Il buon giornalista dovrebbe guardarsi bene, oltre che dall’annoiare e dal compiere prediche, dal parlare di ciò che lo riguarda, che di solito non interessa nessuno. Eppure oggi mi tocca raccontare la situazione che vivo da qualche giorno, in quanto ritengo siano stati lesi dei diritti fondamentali che non appartengono soltanto a me, bensì a tutti noi. Twitter ha sospeso il mio account e questo mi impedisce di interagire con i lettori che mi seguono.

Una spiegazione non mi è stata fornita, il che contribuisce a configurare alla stregua di un vero e proprio abuso codesta scelta arbitraria di limitarmi. Pure il presidente degli USA Donald Trump, eletto da milioni di cittadini americani, è stato più volte oscurato da Twitter, che si erge ad arbitro della verità (quella che evidentemente è gradita ai gestori), beccandosi l’accusa di diffondere un clima d’odio e fake news. Riposa in pace, Democrazia!

Urge una riflessione. I social network si sono imposti nel nostro quotidiano, tutti ne facciamo uso, li sfruttiamo, li adoperiamo sia per scopi ludici che professionali. Può quel “grande fratello” che amministra tali piattaforme censurare e quindi reprimere, peraltro senza esibire una ragione, l’altrui libertà di opinione, di parola e di espressione?
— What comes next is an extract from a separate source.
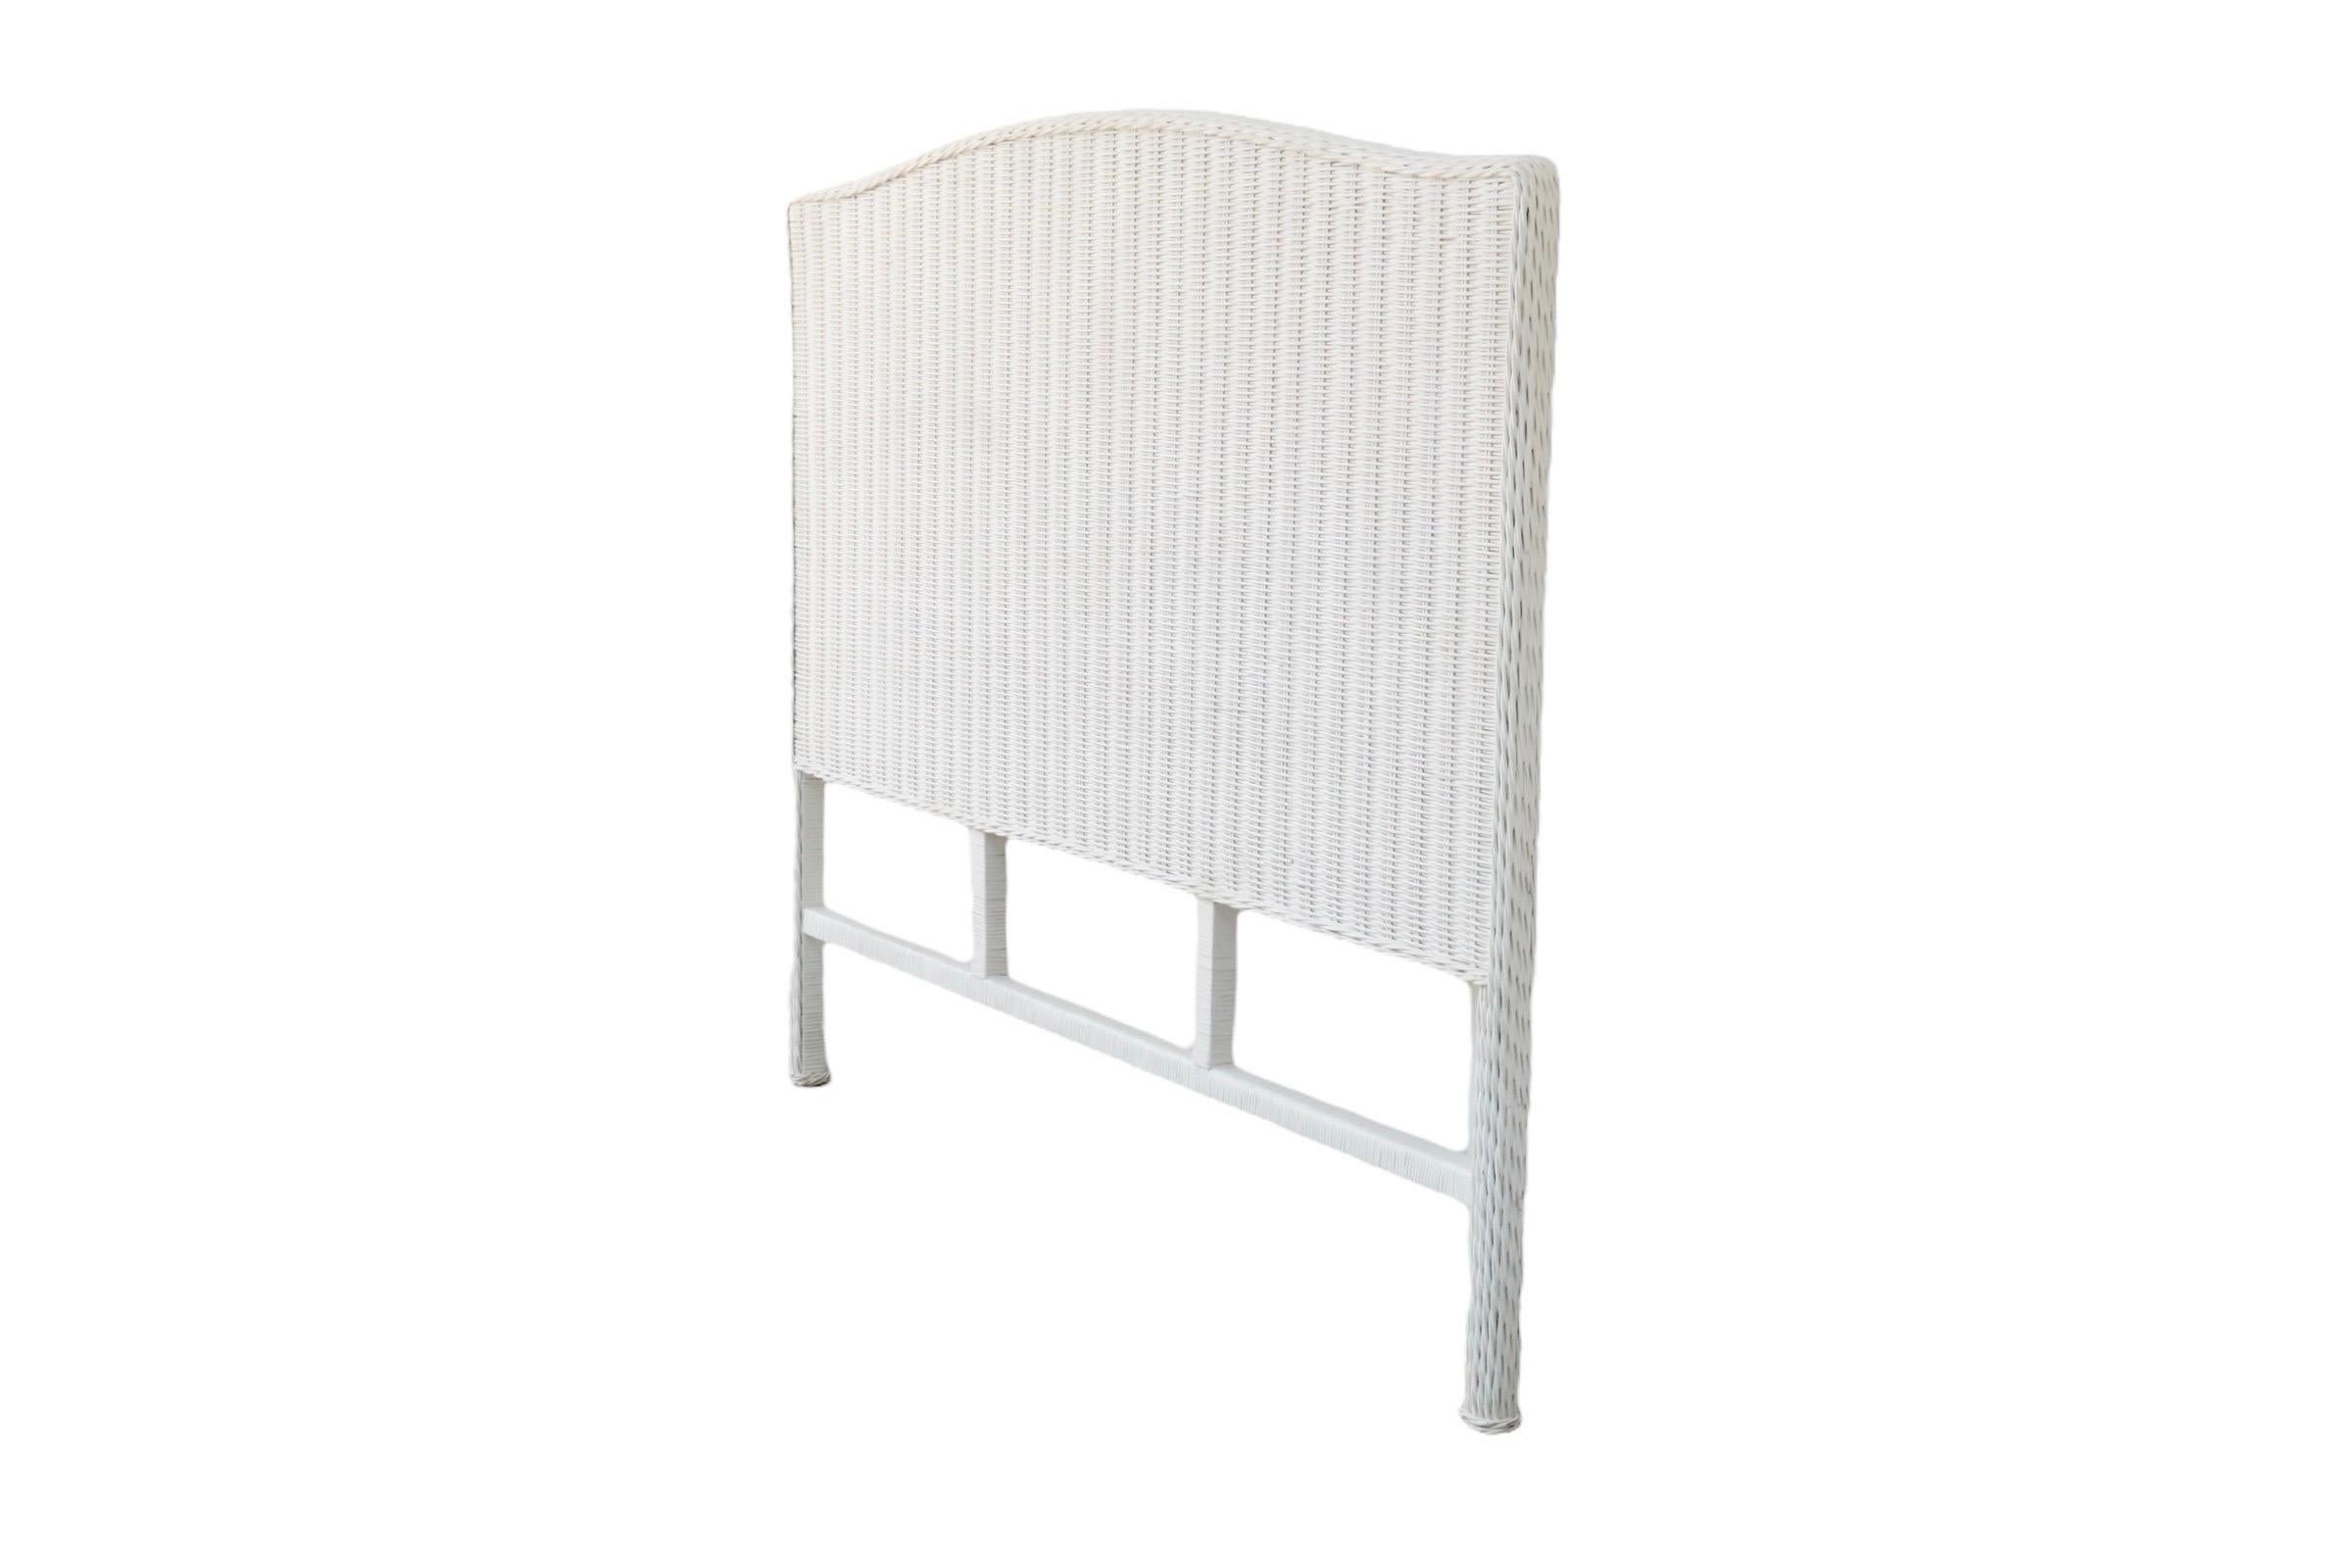 A woven Queen size white wicker headboard. Squarish with a gentle camel shaped crest rail, finished with a thick braided trim that extends down rattan wrapped legs.

Occorre precisare che non ho mai usato un linguaggio inappropriato, aggressivo, violento, insultante, anzi aborrisco codesti toni e rispetto chiunque, a prescindere dal fatto che costui la pensi o non la pensi come me. Su Twitter condividevo ogni giorno i miei articoli, tratti pure dal mio sito personale, e altresì punti di vista, commenti, su diversi argomenti di stretta attualità. Non diffondevo indicazioni su come confezionare bombe o organizzare un attentato. Insomma, non sono un soggetto disturbante, pericoloso, sospetto. Allora perché bloccarmi?

L’aggravante è che, essendo una operatrice dell’informazione, ostacolare la mia libertà di pensiero e il mio sacrosanto diritto di critica produce il soffocamento esteso di un altro diritto, quello dei lettori di essere informati nonché indirettamente la libertà di stampa. Roba da regime staliniano, eppure avviene nell’Occidente del nuovo millennio, in un Paese libero e civile quale si presume essere l’Italia. Twitter mi ha punita, mi ha messa nell’angolino a tempo indeterminato, con la faccia contro il muro: mi consente di scorgere ciò che gli altri scrivono ma mi proibisce di rispondere, quantunque tramite il cosiddetto “like”, chiamato pure “cuoricino”. Le ragioni mi sono appunto sconosciute, in barba alla legge.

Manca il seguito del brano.